I fixed/commented the issues.


> On Dec. 30, 2013, 9:50 p.m., Cheolsoo Park wrote:
> > /trunk/src/org/apache/pig/backend/hadoop/executionengine/fetch/FetchOptimizer.java,
> >  line 74
> > <https://reviews.apache.org/r/16507/diff/1/?file=404117#file404117line74>
> >
> >     Can you move this to PigConfiguration?

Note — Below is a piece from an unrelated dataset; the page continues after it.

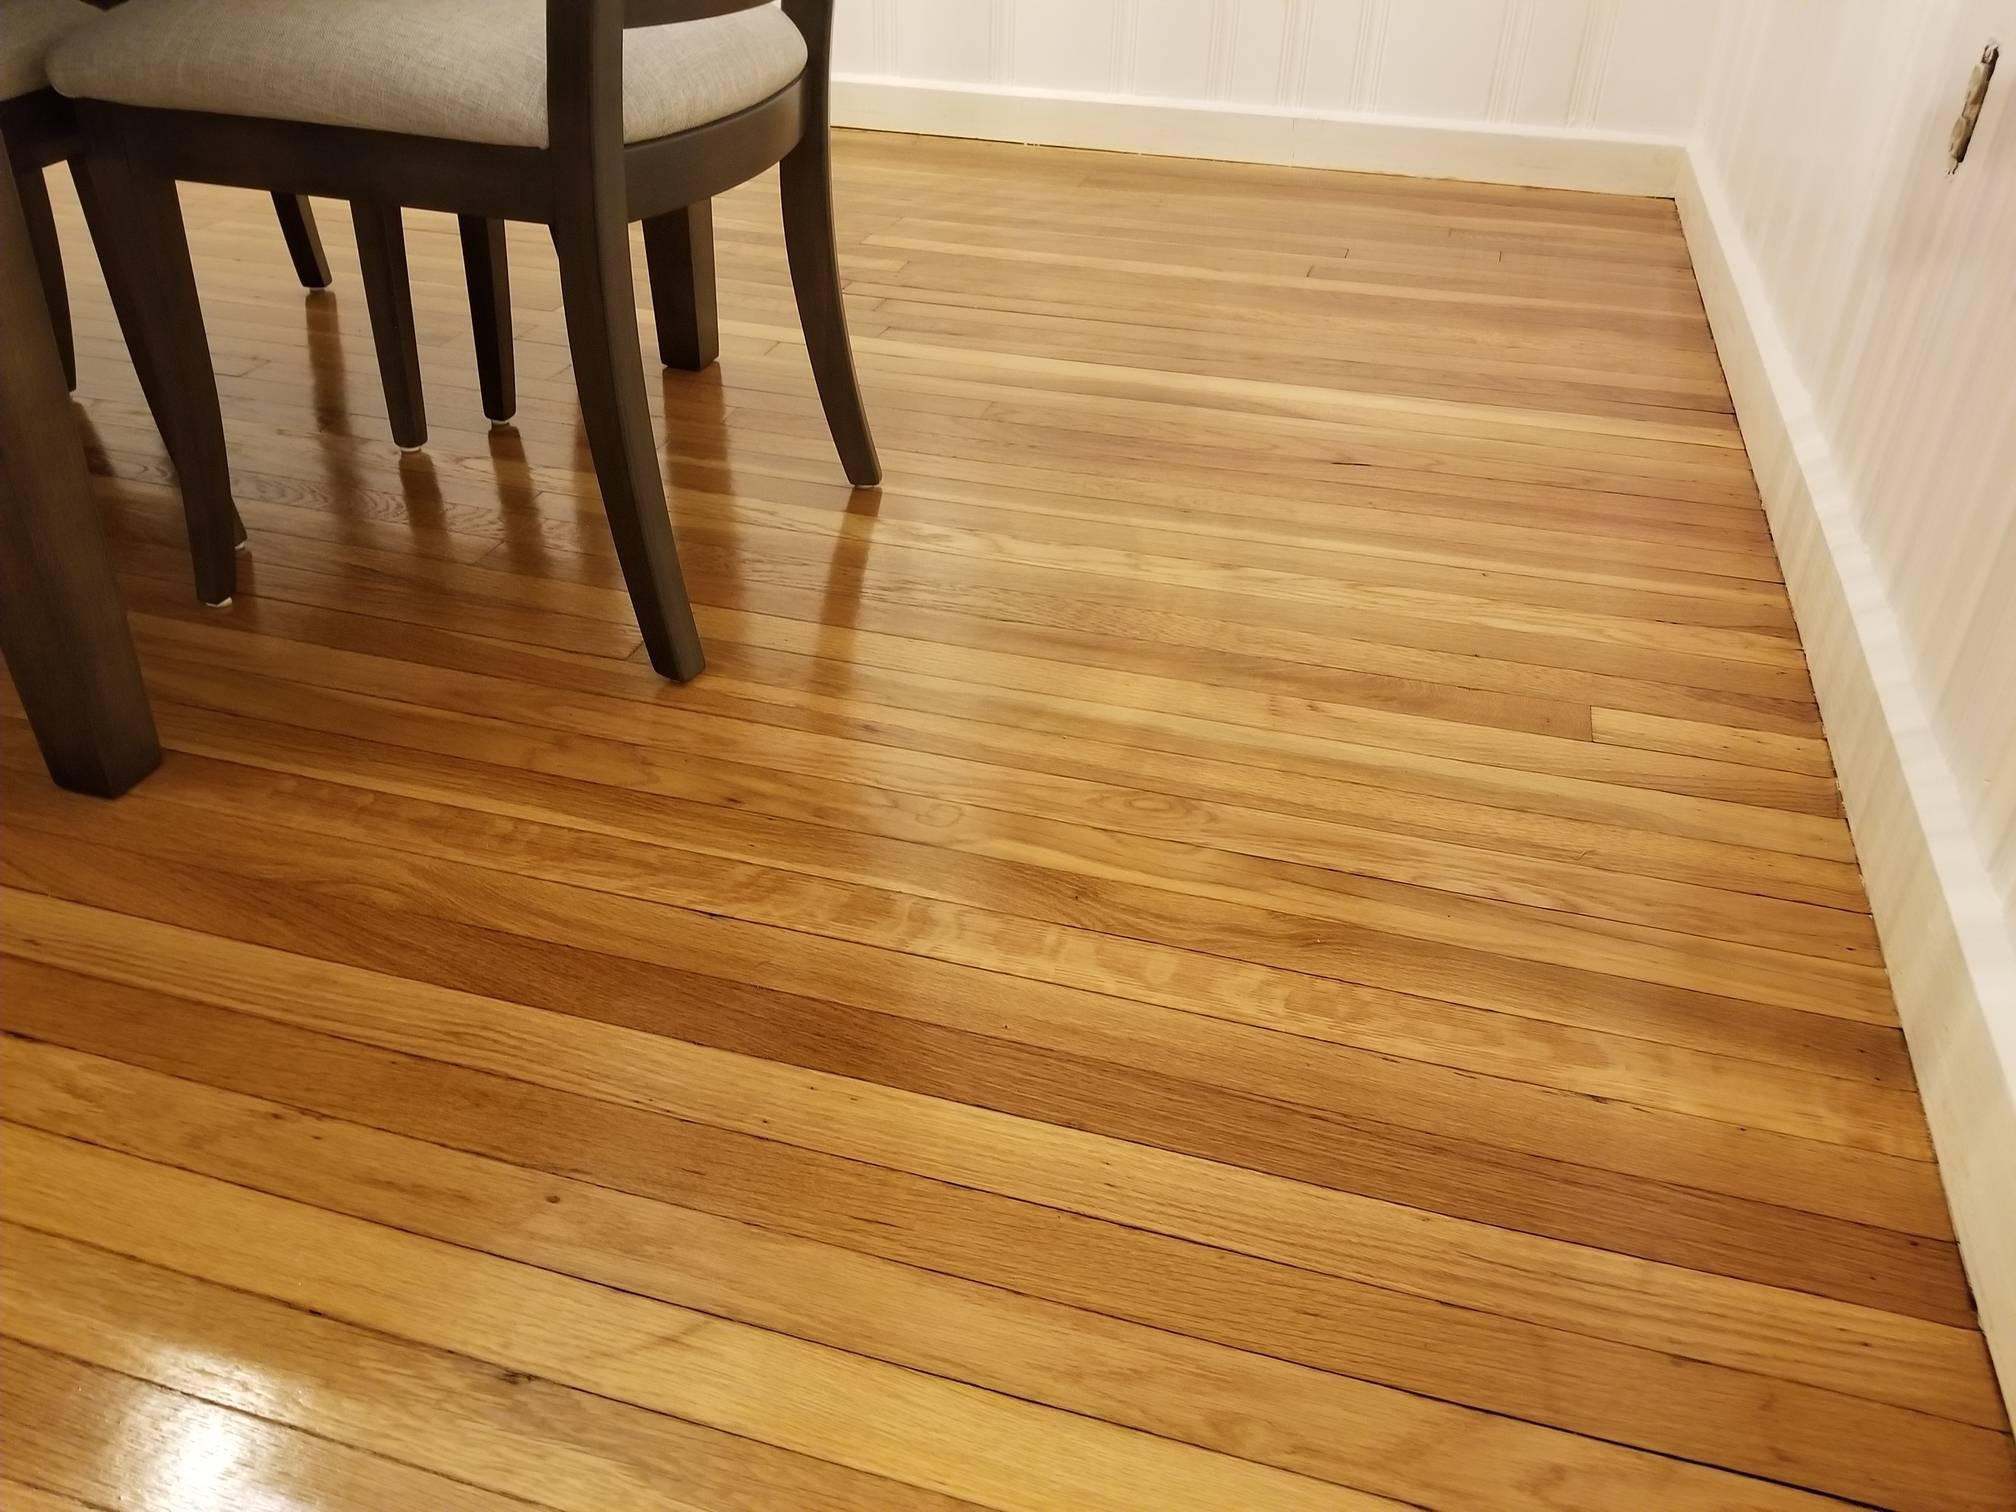 refinishing old hardwood floors cost of cost to refinish hardwood floors floor plan ideas pertaining to cost to refinish hardwood floors hardwood floor cleaning stain hardwood floors engineered hardwood
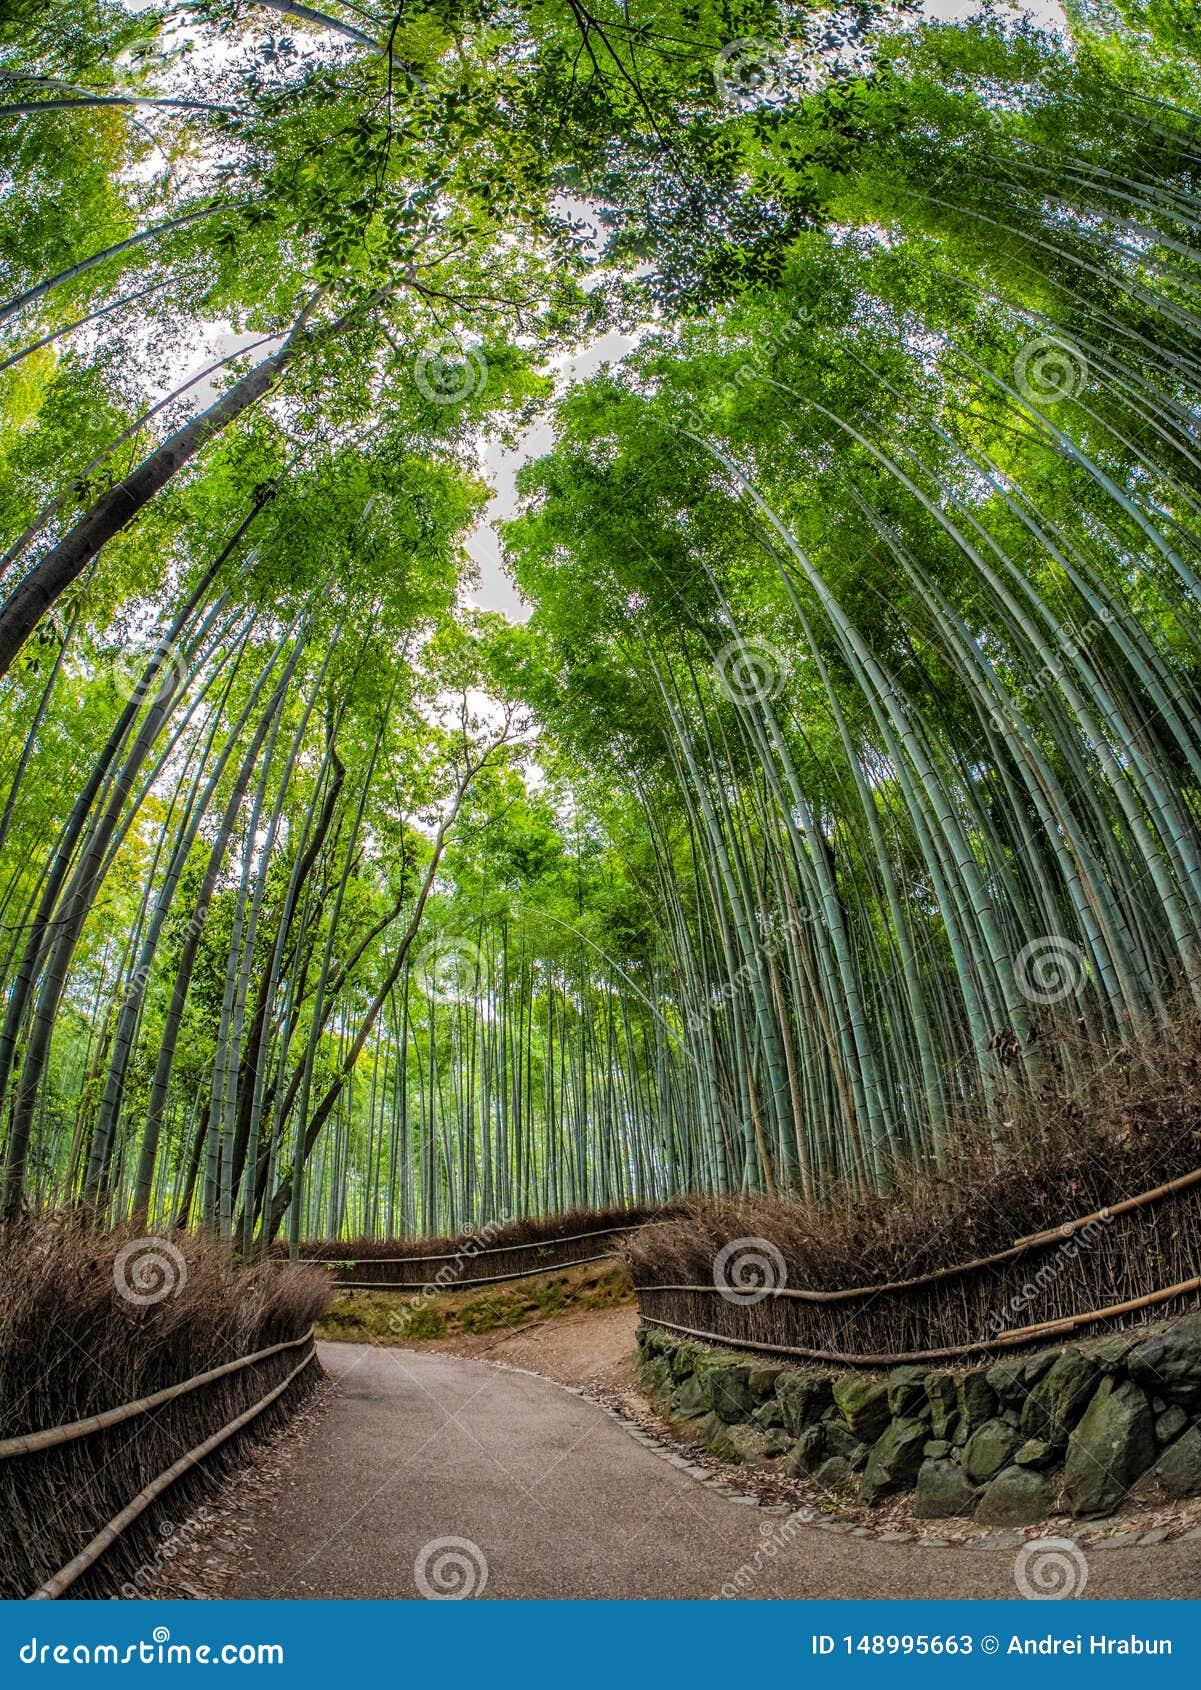 Trayectoria al bosque de bamb?, Arashiyama, Kyoto, Jap?n

PigConfiguration seems to be a better place to put OPT_FETCH


> On Dec. 30, 2013, 9:50 p.m., Cheolsoo Park wrote:
> > /trunk/src/org/apache/pig/backend/hadoop/executionengine/physicalLayer/relationalOperators/POStream.java,
> >  line 23
> > <https://reviews.apache.org/r/16507/diff/1/?file=404122#file404122line23>
> >
> >     Do you mind removing unused imports?
> >     - import java.util.LinkedList;
> >     - import org.apache.pig.impl.util.IdentityHashSet;
> >     - import org.apache.pig.pen.util.LineageTracer;

Sure. Intially didn't want to remove these leftovers from PIG-1712 


> On Dec. 30, 2013, 9:50 p.m., Cheolsoo Park wrote:
> > /trunk/test/org/apache/pig/test/TestAssert.java, lines 91-94
> > <https://reviews.apache.org/r/16507/diff/1/?file=404127#file404127line91>
> >
> >     Does this else block ever get executed given the we're running the test 
> > with opt.fetch on?
> >     
> >     I think you can do either-
> >     
> >     1) explicitly set opt.fetch to true or false in setup(),
> >     
> >     or
> >     
> >     2) change the test to run the query twice with opt.fetch on and off to 
> > ensure we're not breaking anything when opt.fetch is off.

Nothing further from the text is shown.